_Given information_:
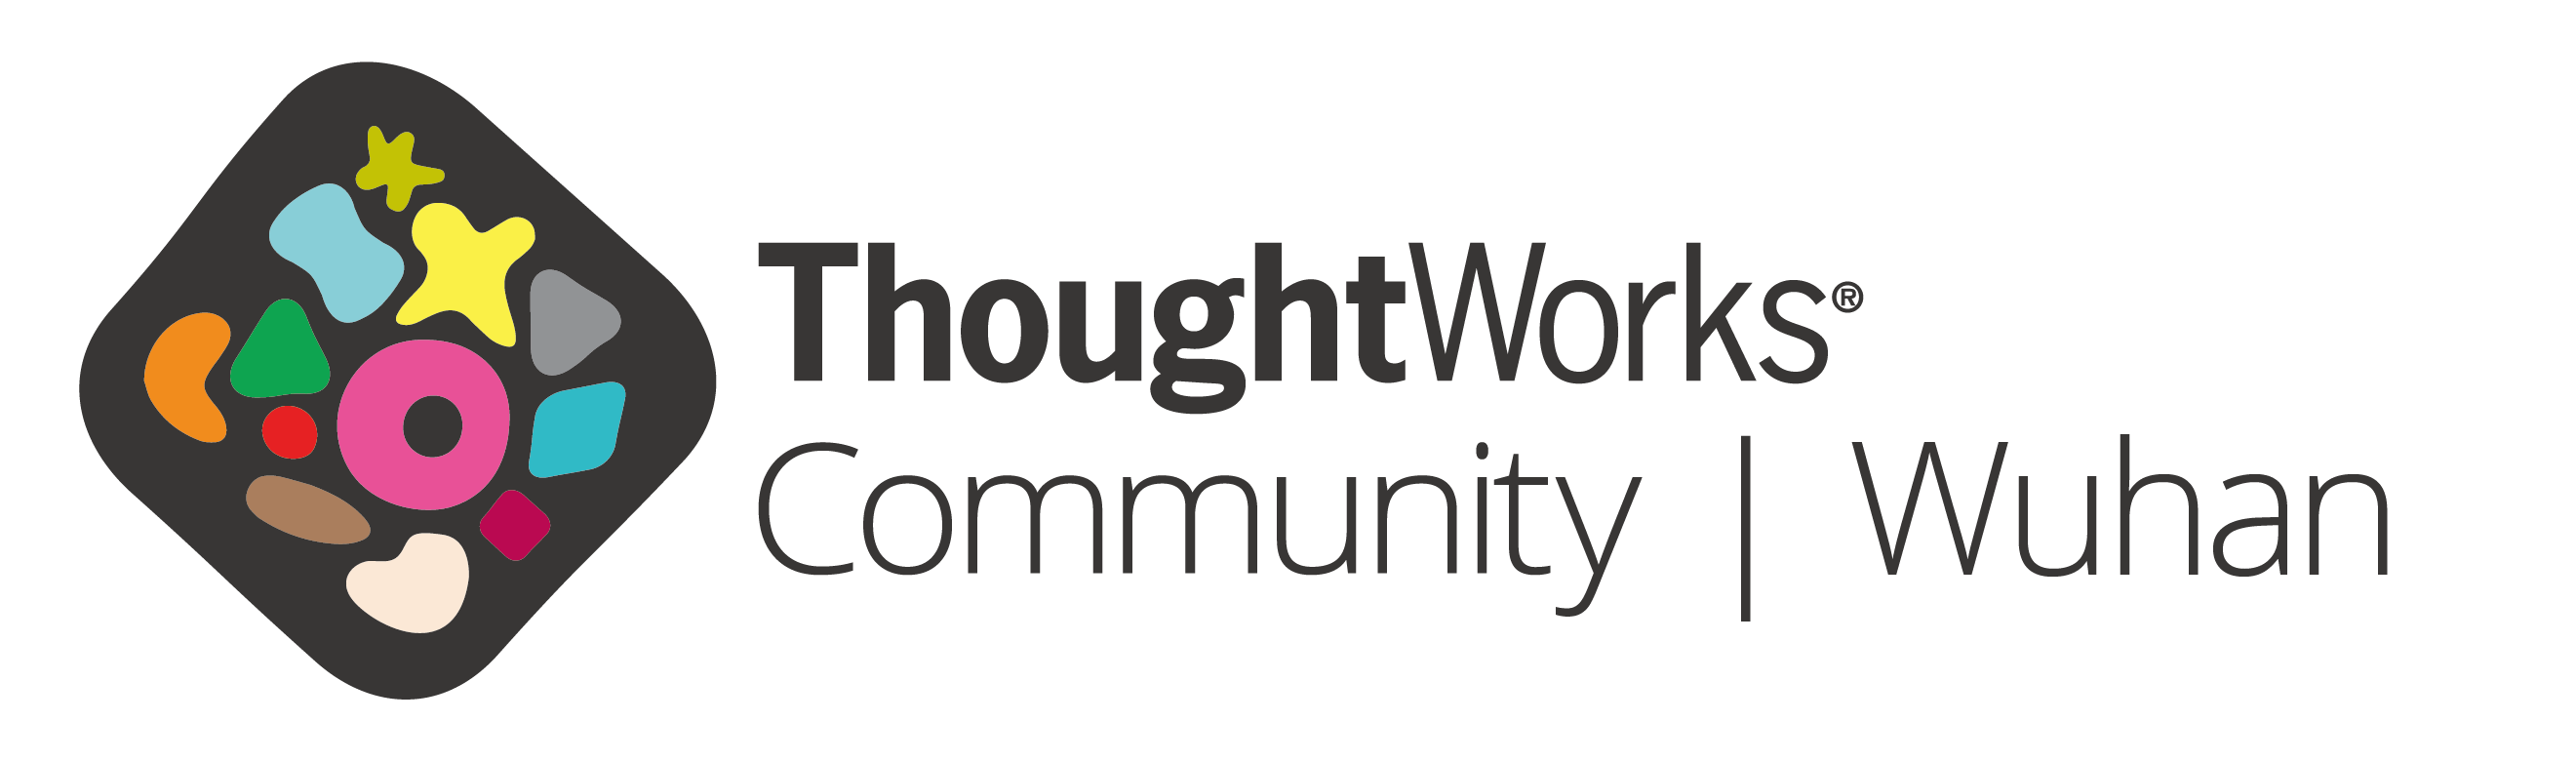 thoughtworks community
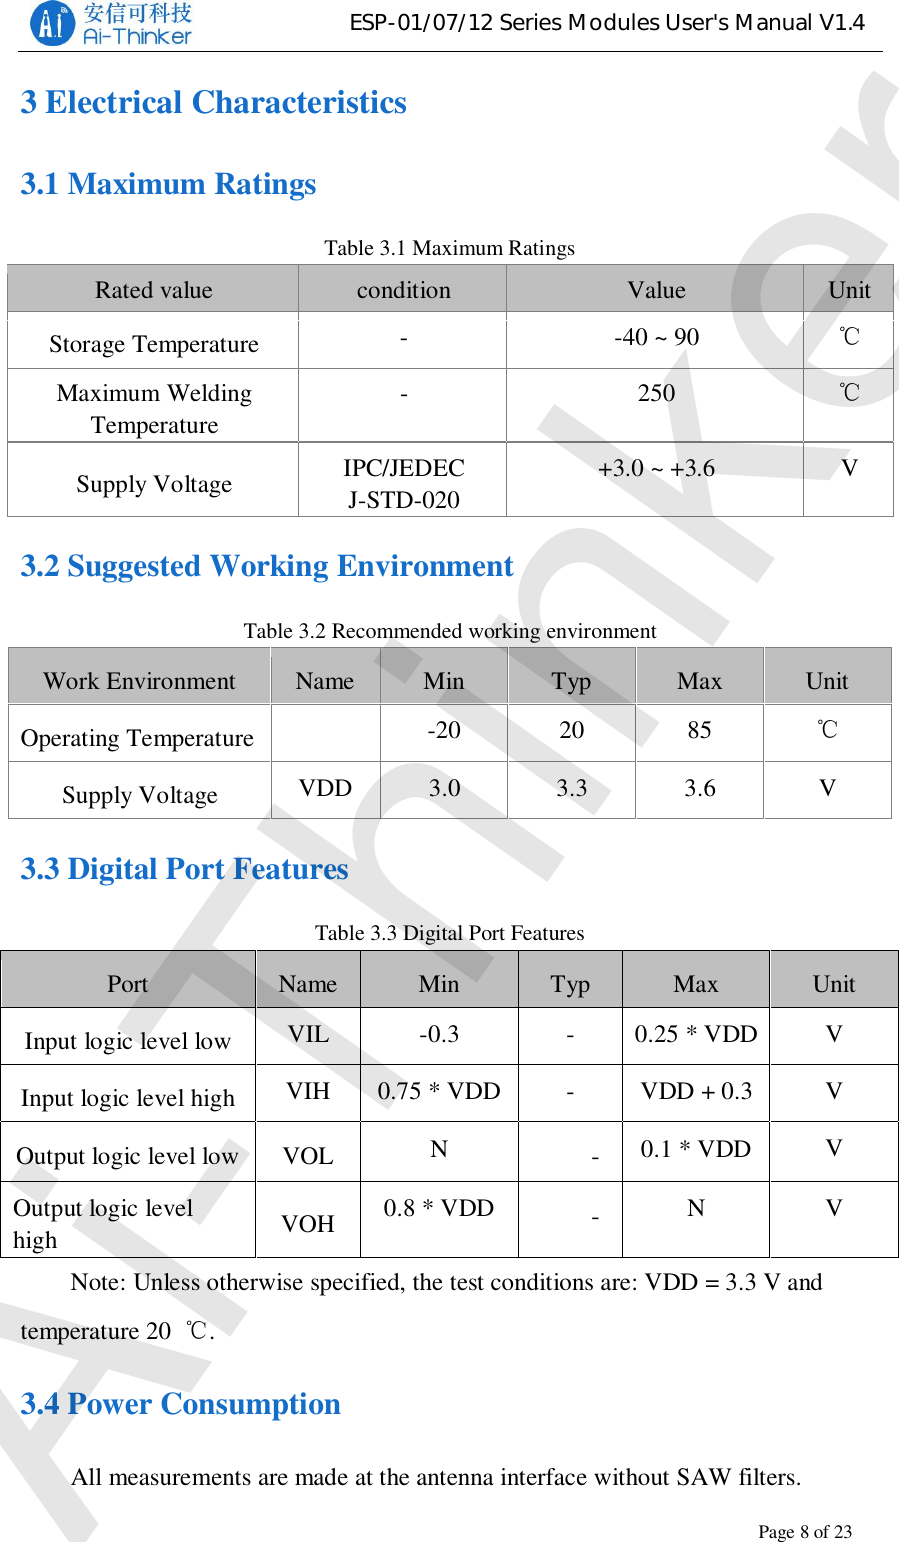 ESP-01/07/12 Series Modules User&apos;s Manual V1.4Copyright © 2017 Shenzhen Ai-Thinker Technology Co., Ltd All Rights ReservedPage8of233 Electrical Characteristics3.1 Maximum RatingsTable 3.1 Maximum RatingsRated value condition Value UnitStorage Temperature --40 ~ 90 Maximum WeldingTemperature-250 Supply Voltage IPC/JEDECJ-STD-020+3.0 ~ +3.6 V3.2 Suggested Working EnvironmentTable 3.2 Recommended working environmentWork Environment Name Min Typ Max UnitOperating Temperature -20 20 85 Supply Voltage VDD 3.0 3.3 3.6 V3.3 Digital Port FeaturesTable 3.3 Digital Port FeaturesPort Name Min Typ Max UnitInput logic level low VIL -0.3 - 0.25 * VDD VInput logic level high VIH  0.75 * VDD - VDD + 0.3 VOutput logic level low VOL N-0.1 * VDD VOutput logic levelhigh VOH 0.8 * VDD -N VNote: Unless otherwise specified, the test conditions are: VDD = 3.3 V andtemperature 20 .3.4 Power ConsumptionAll measurements are made at the antenna interface without SAW filters.Ai-Thinker
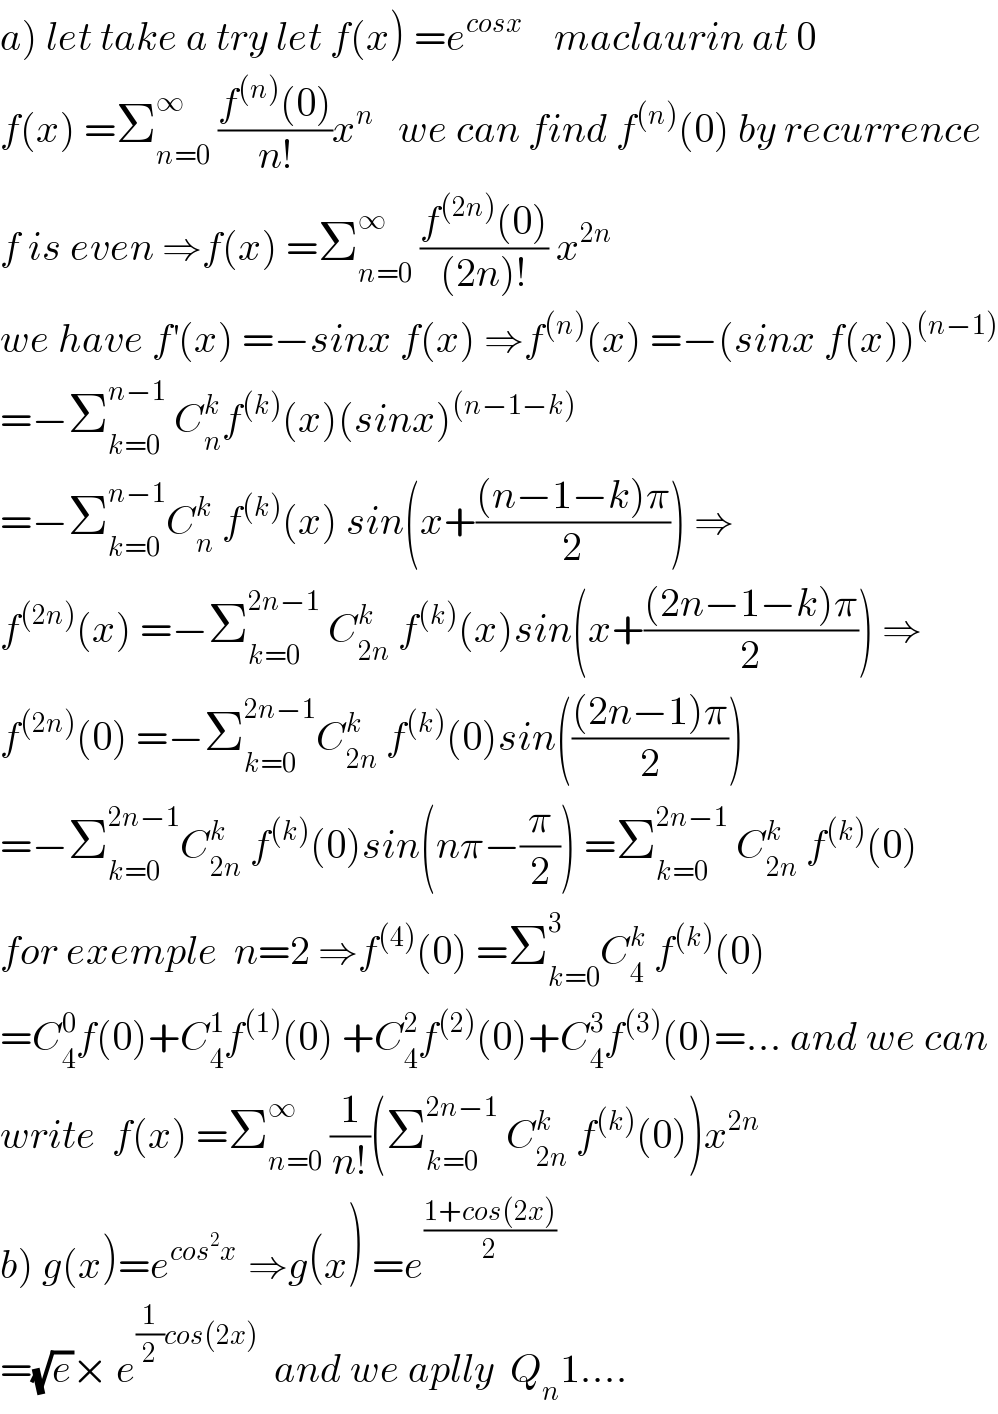 a) let take a try let f(x) =e^(cosx)     maclaurin at 0  f(x) =Σ_(n=0) ^∞  ((f^((n)) (0))/(n!))x^n    we can find f^((n)) (0) by recurrence  f is even ⇒f(x) =Σ_(n=0) ^∞  ((f^((2n)) (0))/((2n)!)) x^(2n)   we have f^′ (x) =−sinx f(x) ⇒f^((n)) (x) =−(sinx f(x))^((n−1))   =−Σ_(k=0) ^(n−1)  C_n ^k f^((k)) (x)(sinx)^((n−1−k))   =−Σ_(k=0) ^(n−1) C_n ^k  f^((k)) (x) sin(x+(((n−1−k)π)/2)) ⇒  f^((2n)) (x) =−Σ_(k=0) ^(2n−1)  C_(2n) ^k  f^((k)) (x)sin(x+(((2n−1−k)π)/2)) ⇒  f^((2n)) (0) =−Σ_(k=0) ^(2n−1) C_(2n) ^k  f^((k)) (0)sin((((2n−1)π)/2))  =−Σ_(k=0) ^(2n−1) C_(2n) ^k  f^((k)) (0)sin(nπ−(π/2)) =Σ_(k=0) ^(2n−1)  C_(2n) ^k  f^((k)) (0)  for exemple  n=2 ⇒f^((4)) (0) =Σ_(k=0) ^3 C_4 ^k  f^((k)) (0)  =C_4 ^0 f(0)+C_4 ^1 f^((1)) (0) +C_4 ^2 f^((2)) (0)+C_4 ^3 f^((3)) (0)=... and we can  write  f(x) =Σ_(n=0) ^∞  (1/(n!))(Σ_(k=0) ^(2n−1)  C_(2n) ^k  f^((k)) (0))x^(2n)   b) g(x)=e^(cos^2 x )  ⇒g(x) =e^((1+cos(2x))/2)   =(√e)× e^((1/2)cos(2x))   and we aplly  Q_n 1....

_Exercise_:
A verbatim copy of the material, pictures excluded, is what must be produced.

_Answer box_:
 thoughtworks community
 ESP-01/07/12 Series Modules User&apos;s Manual V1.4Copyright © 2017 Shenzhen Ai-Thinker Technology Co., Ltd All Rights ReservedPage8of233 Electrical Characteristics3.1 Maximum RatingsTable 3.1 Maximum RatingsRated value condition Value UnitStorage Temperature --40 ~ 90 Maximum WeldingTemperature-250 Supply Voltage IPC/JEDECJ-STD-020+3.0 ~ +3.6 V3.2 Suggested Working EnvironmentTable 3.2 Recommended working environmentWork Environment Name Min Typ Max UnitOperating Temperature -20 20 85 Supply Voltage VDD 3.0 3.3 3.6 V3.3 Digital Port FeaturesTable 3.3 Digital Port FeaturesPort Name Min Typ Max UnitInput logic level low VIL -0.3 - 0.25 * VDD VInput logic level high VIH  0.75 * VDD - VDD + 0.3 VOutput logic level low VOL N-0.1 * VDD VOutput logic levelhigh VOH 0.8 * VDD -N VNote: Unless otherwise specified, the test conditions are: VDD = 3.3 V andtemperature 20 .3.4 Power ConsumptionAll measurements are made at the antenna interface without SAW filters.Ai-Thinker
 a) let take a try let f(x) =e^(cosx)     maclaurin at 0  f(x) =Σ_(n=0) ^∞  ((f^((n)) (0))/(n!))x^n    we can find f^((n)) (0) by recurrence  f is even ⇒f(x) =Σ_(n=0) ^∞  ((f^((2n)) (0))/((2n)!)) x^(2n)   we have f^′ (x) =−sinx f(x) ⇒f^((n)) (x) =−(sinx f(x))^((n−1))   =−Σ_(k=0) ^(n−1)  C_n ^k f^((k)) (x)(sinx)^((n−1−k))   =−Σ_(k=0) ^(n−1) C_n ^k  f^((k)) (x) sin(x+(((n−1−k)π)/2)) ⇒  f^((2n)) (x) =−Σ_(k=0) ^(2n−1)  C_(2n) ^k  f^((k)) (x)sin(x+(((2n−1−k)π)/2)) ⇒  f^((2n)) (0) =−Σ_(k=0) ^(2n−1) C_(2n) ^k  f^((k)) (0)sin((((2n−1)π)/2))  =−Σ_(k=0) ^(2n−1) C_(2n) ^k  f^((k)) (0)sin(nπ−(π/2)) =Σ_(k=0) ^(2n−1)  C_(2n) ^k  f^((k)) (0)  for exemple  n=2 ⇒f^((4)) (0) =Σ_(k=0) ^3 C_4 ^k  f^((k)) (0)  =C_4 ^0 f(0)+C_4 ^1 f^((1)) (0) +C_4 ^2 f^((2)) (0)+C_4 ^3 f^((3)) (0)=... and we can  write  f(x) =Σ_(n=0) ^∞  (1/(n!))(Σ_(k=0) ^(2n−1)  C_(2n) ^k  f^((k)) (0))x^(2n)   b) g(x)=e^(cos^2 x )  ⇒g(x) =e^((1+cos(2x))/2)   =(√e)× e^((1/2)cos(2x))   and we aplly  Q_n 1....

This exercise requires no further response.